If you think your model is starting to overfit the data, take a look at:

  • Regularization — Penalizes large parameters to help keep the model from relying too heavily on individual data points.
  • Dropout probability — Randomly skips some data to avoid the model memorizing the data set.

Do You Need to Explain the Results?

Data scientists often refer to the ability to share and explain results as model interpretability. A model that is easily interpretable has:

  • A small number of features that typically are created from some physical understanding of the system
  • A transparent decision-making process

Interpretability is important for many health, safety, and financial applications, for example, if you need to:

  • Prove that your model complies with government or industry standard
  • Explain factors that contributed to a diagnosis
  • Show the absence of bias in decision-making

If you must have the ability to demonstrate the steps the algorithm took to reach a conclusion, focus your attention on machine learning techniques. Decision trees are famously easy to follow down their Boolean paths of “if x, then y.” Traditional statistics techniques such as linear and logistic regression are well accepted. Even random forests are relatively simple to explain if taken one tree at a time.

If your project is more suited to a neural network, support vector machine, or other model of similar opacity, you still have options.

Research on interpretability using proxies

Local interpretable model-agnostic explanations (LIME) take a series of individual inputs and outputs to approximate the decision-making.
Another area of research is the use of decision trees as a method to illustrate a more complex model.
Icons indicating a decision tree in blue, with a pair of scissors cutting or pruning the model to make it smaller.

Domain Knowledge

How much do you know about the system where your project sits? If you are working on a controls application, do you understand the related systems that might affect your project, or is your experience more siloed?
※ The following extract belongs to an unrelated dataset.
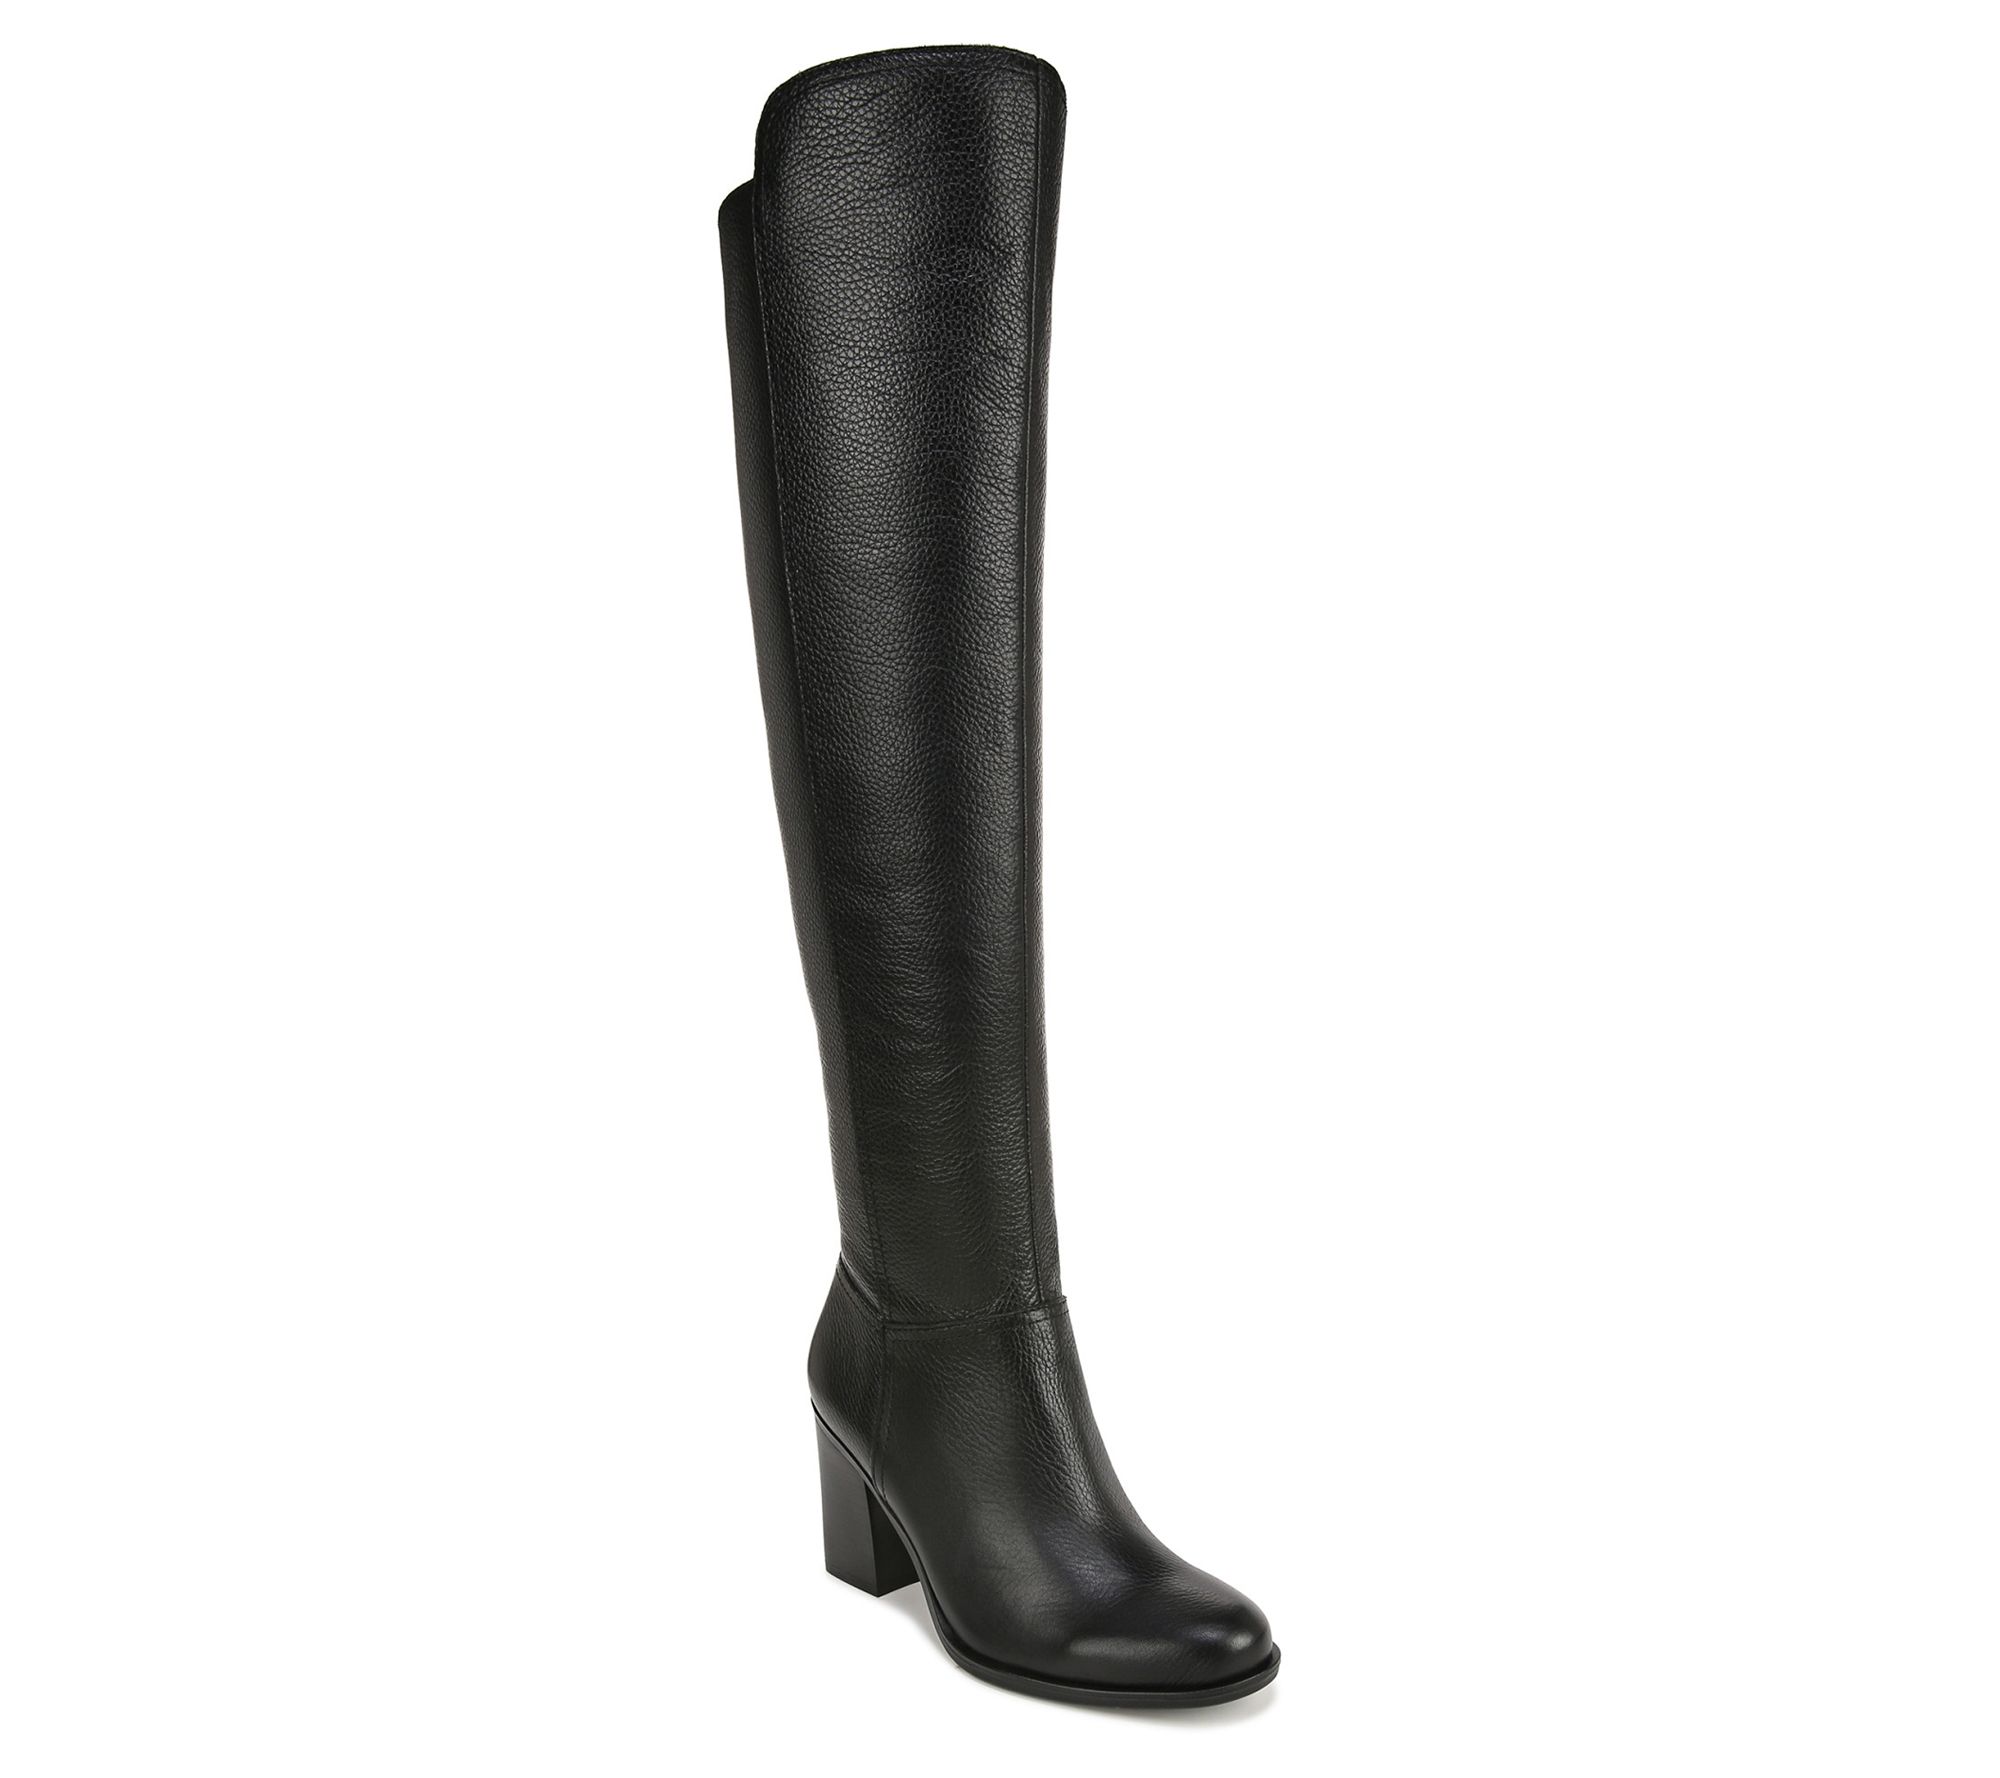 Women's Shoes 7 1/2 W - Tall Boots - Boots

Domain knowledge can play a part in choosing what data to include in a model and determining the most important features of that data.

What Data Should You Include?

For example, a medical researcher wants to make sense of a large amount of patient data. There could be thousands of features from patient stats, from the characteristics of a disease to DNA traits to environmental elements. If you have a solid understanding of the data, select the features you think will be the most influential and start with a machine learning algorithm. If you have high-dimensional data, try dimensionality reduction techniques such as principal component analysis (PCA) to create a smaller number of features to try to improve results.

Feature Selection

For a model to produce accurate results, you need to make sure it’s using the right data. Feature selection is how you ensure your model is focused on the data with the most predictive power and is not distracted by data that won’t impact decision making. Precise feature selection will result in a faster, more efficient, more interpretable model.
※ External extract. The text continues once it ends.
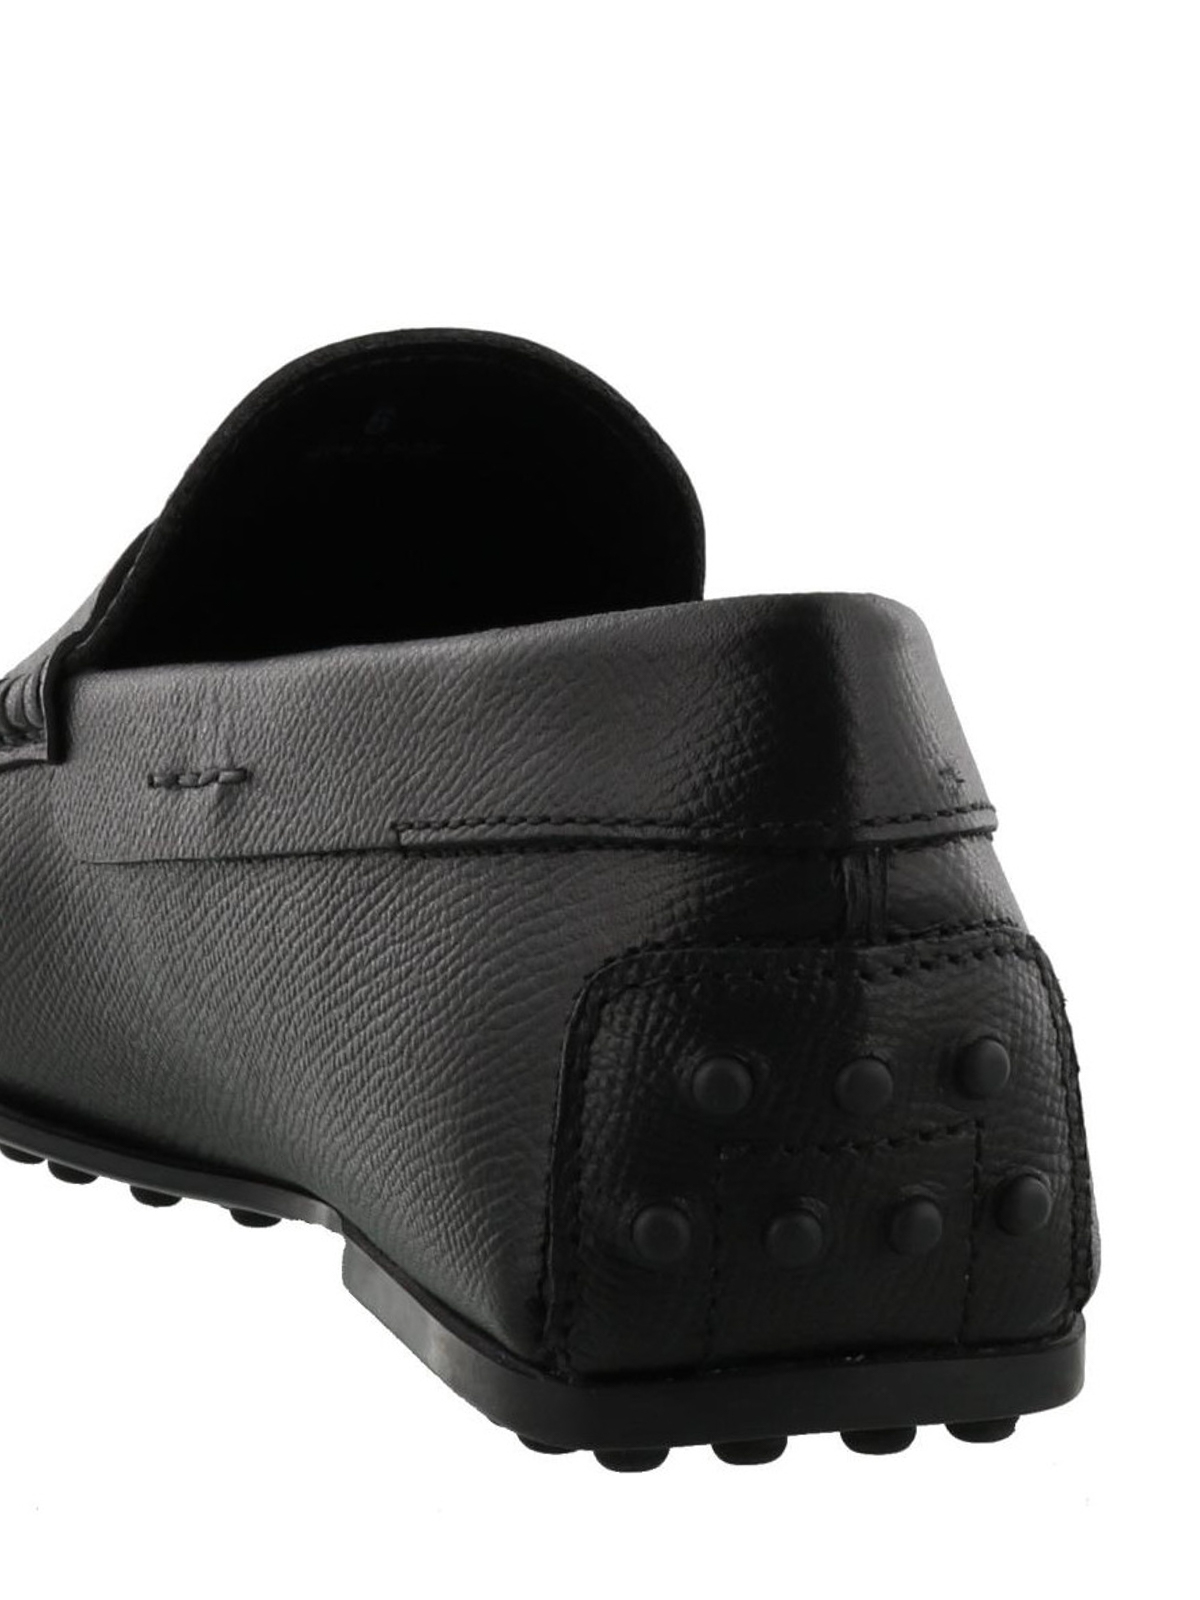 Loafers & Slippers Tod'S - City black leather loafers

If you have a lot of domain knowledge, use machine learning and manually select the important features of your data.

If you have limited domain knowledge, try automatic feature selection techniques such as neighborhood component analysis or use a deep learning algorithm like CNN for feature selection.

If your data has lots of features, use principal component analysis with machine learning to reduce dimensionality.

For Example

Signal processing engineers are often required to transform their 1D signals to reduce dimensionality (signals often come in at high frequency rates, making the amount of data untenable to process in its raw form) and to expose prominent features specific to the data. One common way is to convert 1D signals into a 2D representation using a transform such as spectrogram.

This conversion highlights the most prominent frequencies of a signal. This creates an “image” that can then be used as input into a CNN.

Six signal plots. The signals in the first three plots indicate visuals for the spoken words “up,” “on,” and “right.” The other three show the same signals transformed and represented as 3 D spectrograms.

Original signal (top) and corresponding spectrograms (bottom) for words.